• _Provided data_:
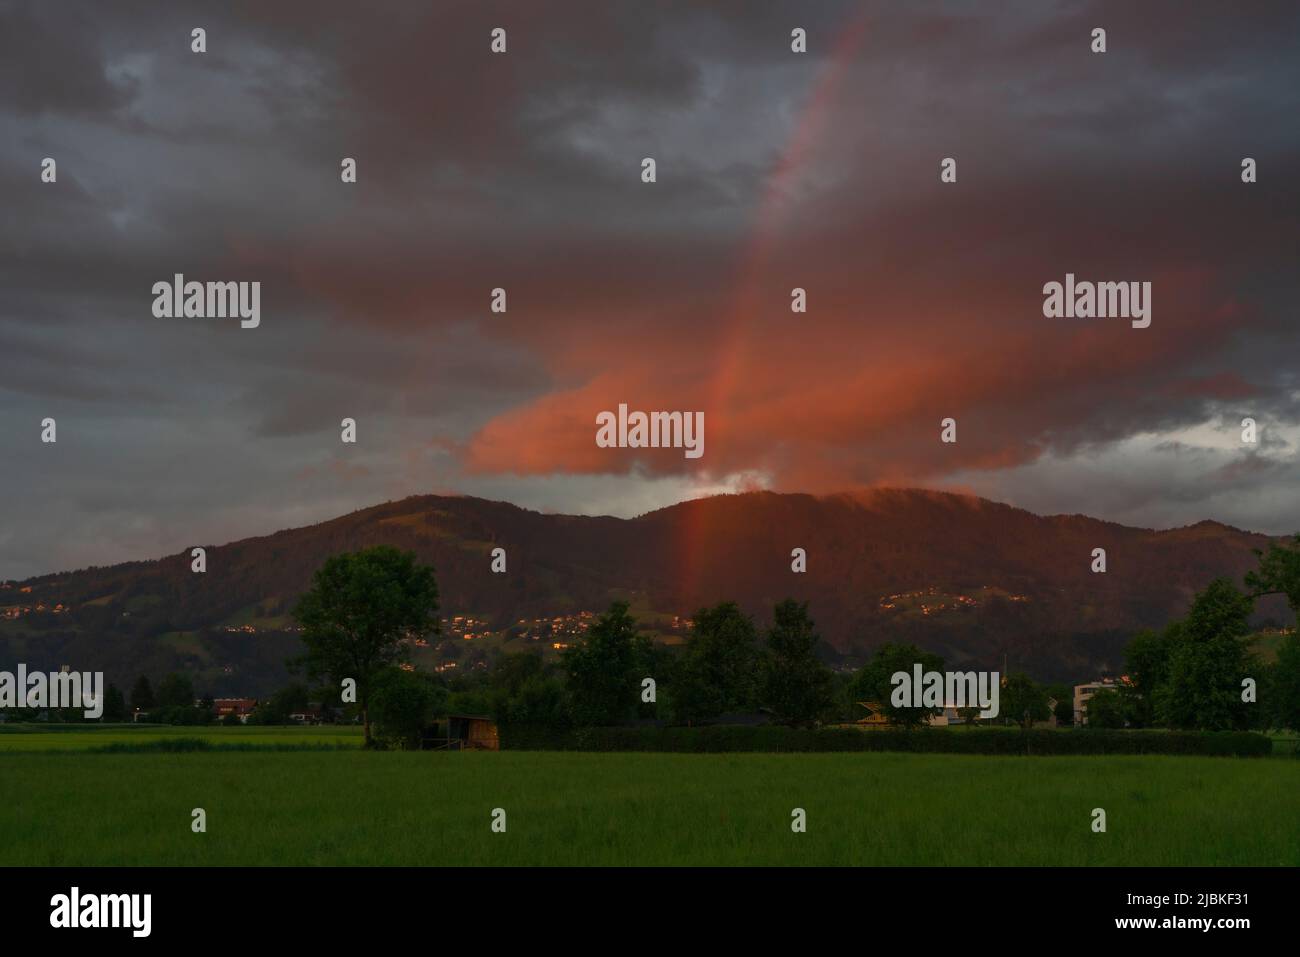 Leuchtendes Abendrot mit Regenbogen nach dem Sonnenuntergang in Dornbirn, Vorarlberg, Austria. rote und Graublaue Wolken über den grünen Wiesen Foto Stock
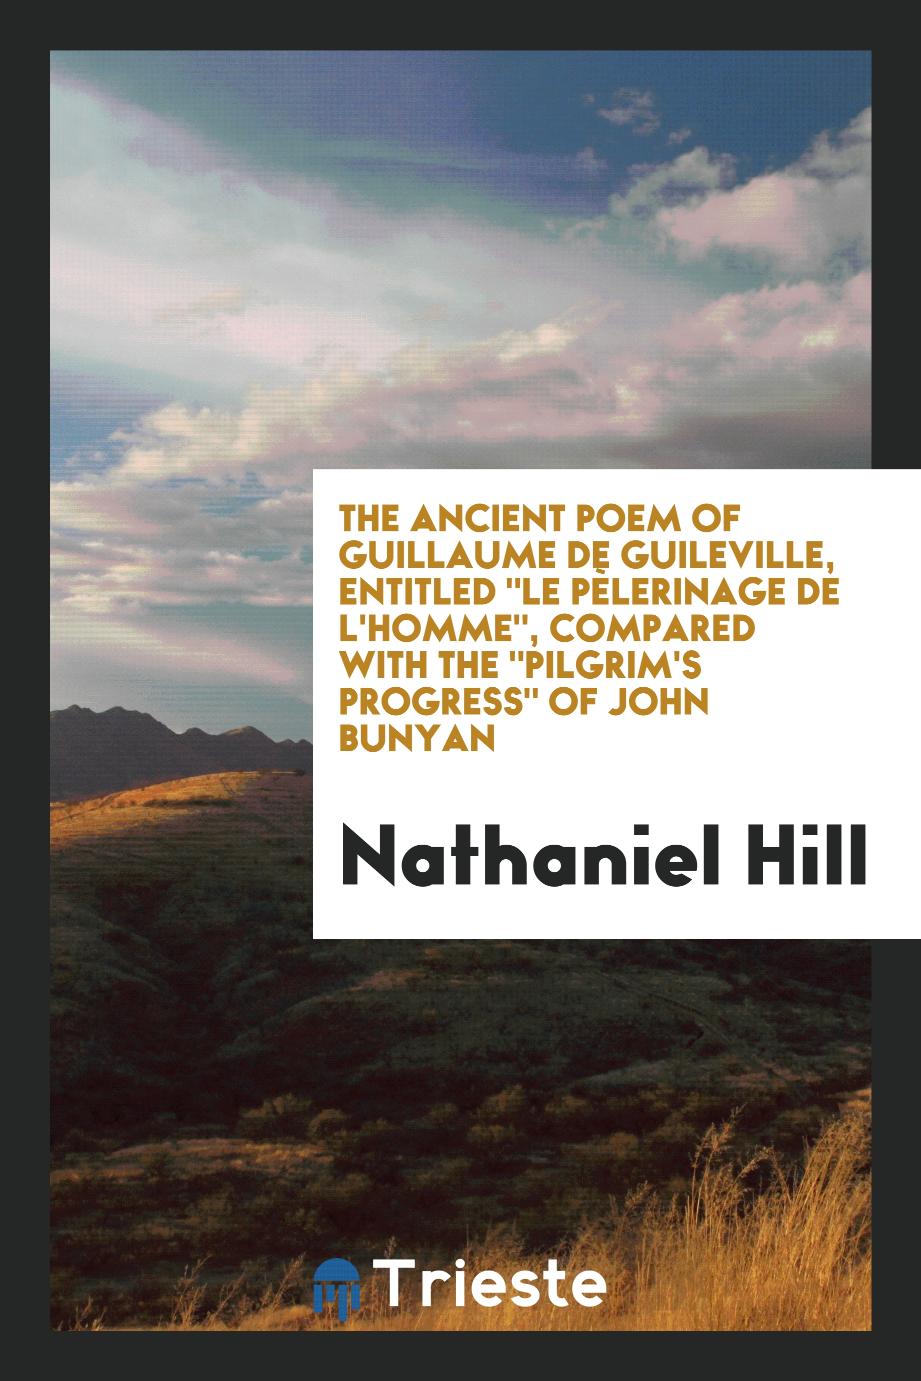 The Ancient Poem of Guillaume De Guileville, Entitled "Le PèLerinage De L'homme", Compared with The "Pilgrim's Progress" of John Bunyan
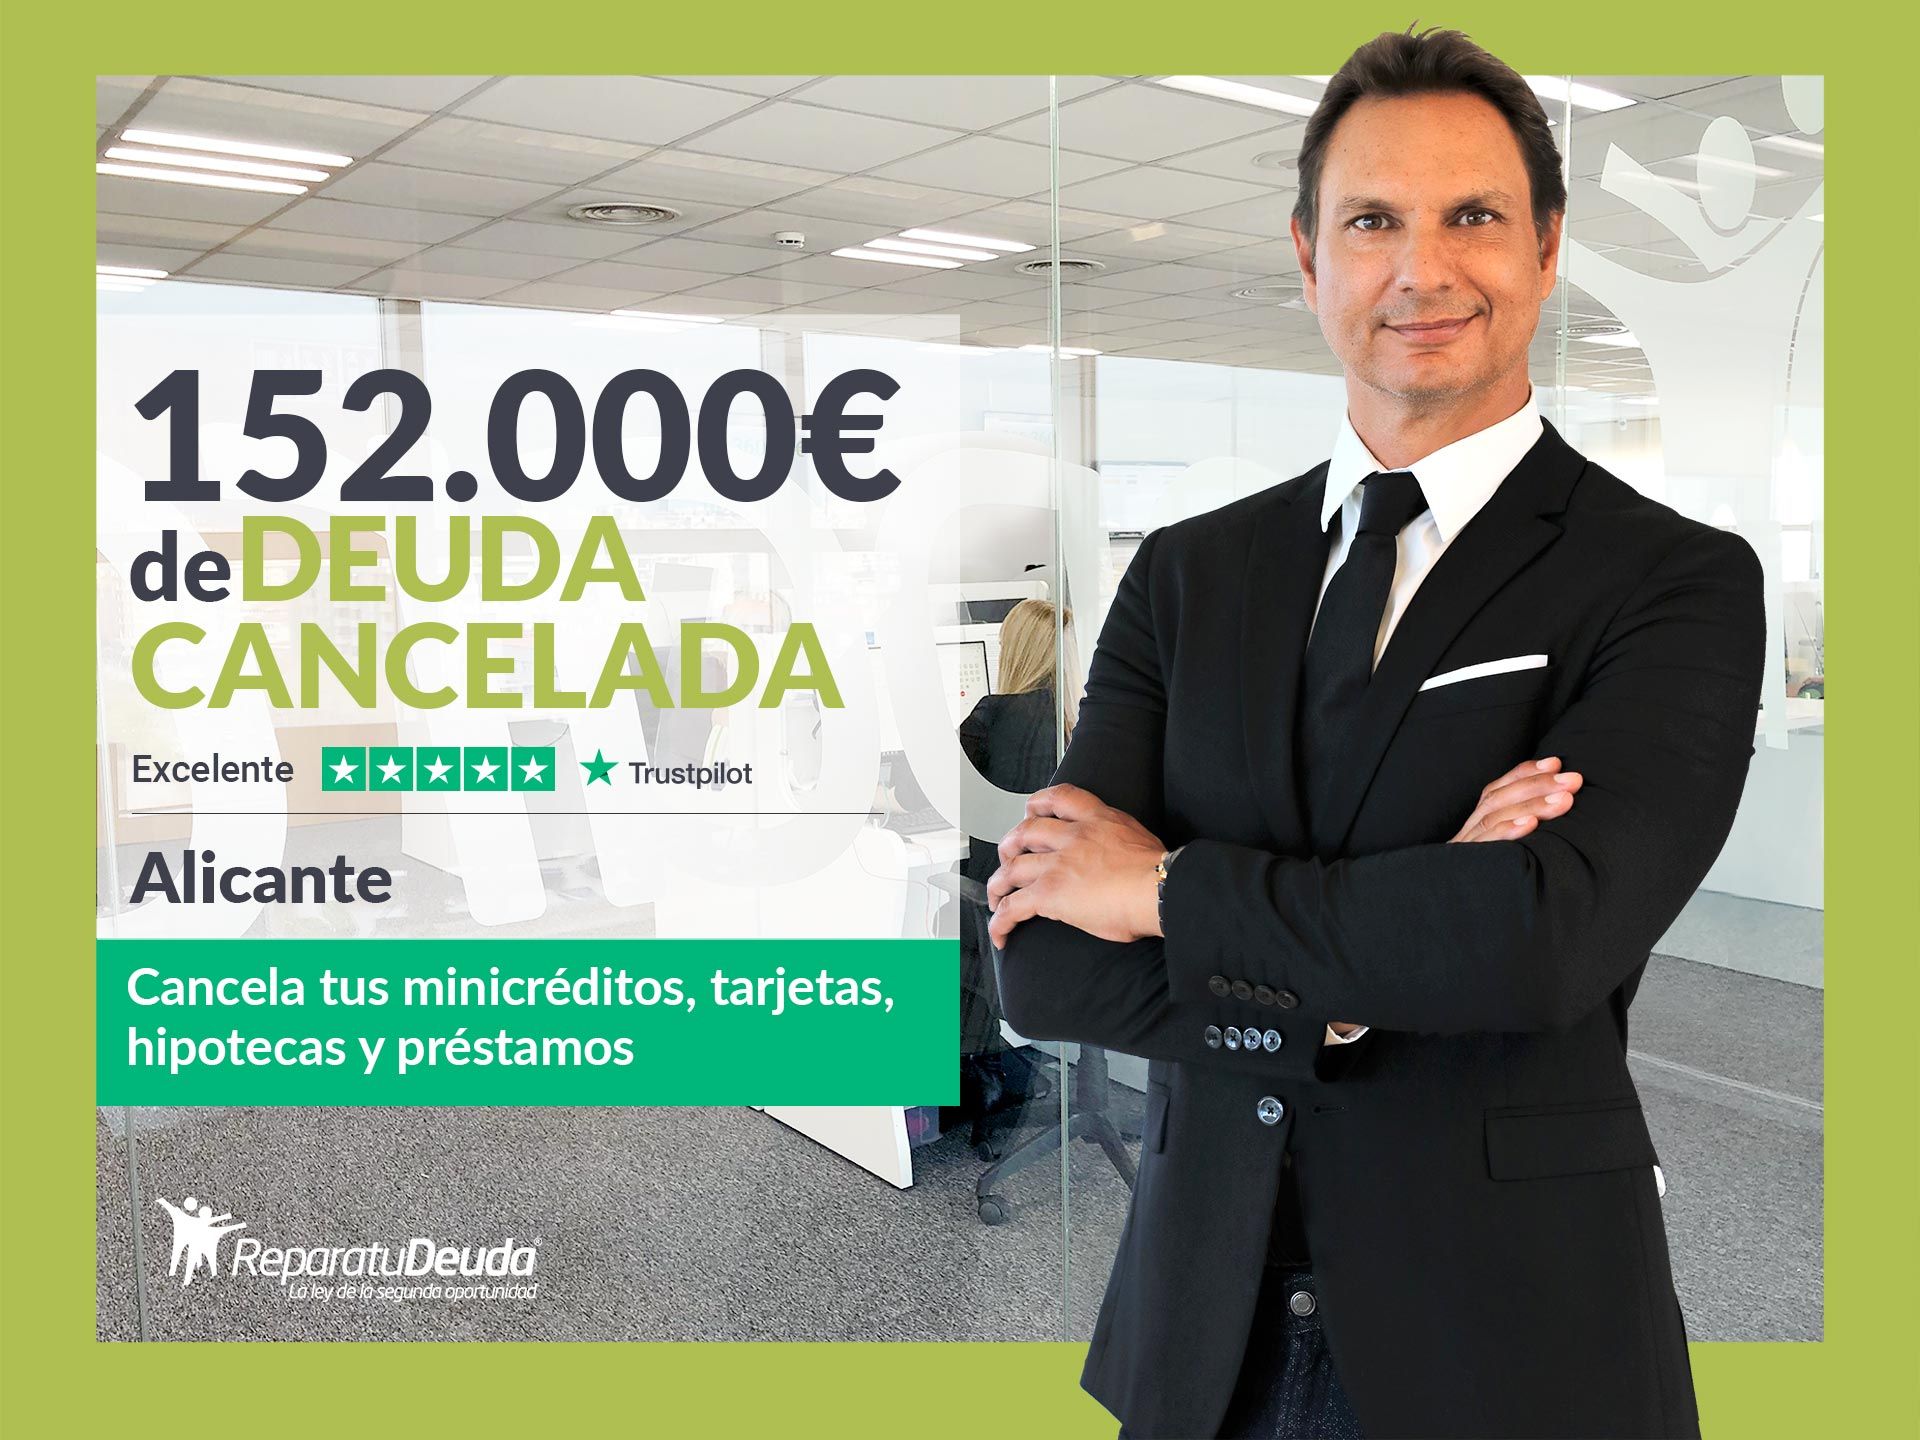 Repara tu Deuda cancela 152.000 euros en Alicante (Comunidad Valenciana) con la Ley de Segunda Oportunidad

• _Work order_: From the material above, output every line exactly as written, dropping any picture.

• _Response to the exercise_:
 Leuchtendes Abendrot mit Regenbogen nach dem Sonnenuntergang in Dornbirn, Vorarlberg, Austria. rote und Graublaue Wolken über den grünen Wiesen Foto Stock
 The Ancient Poem of Guillaume De Guileville, Entitled "Le PèLerinage De L'homme", Compared with The "Pilgrim's Progress" of John Bunyan
 Repara tu Deuda cancela 152.000 euros en Alicante (Comunidad Valenciana) con la Ley de Segunda Oportunidad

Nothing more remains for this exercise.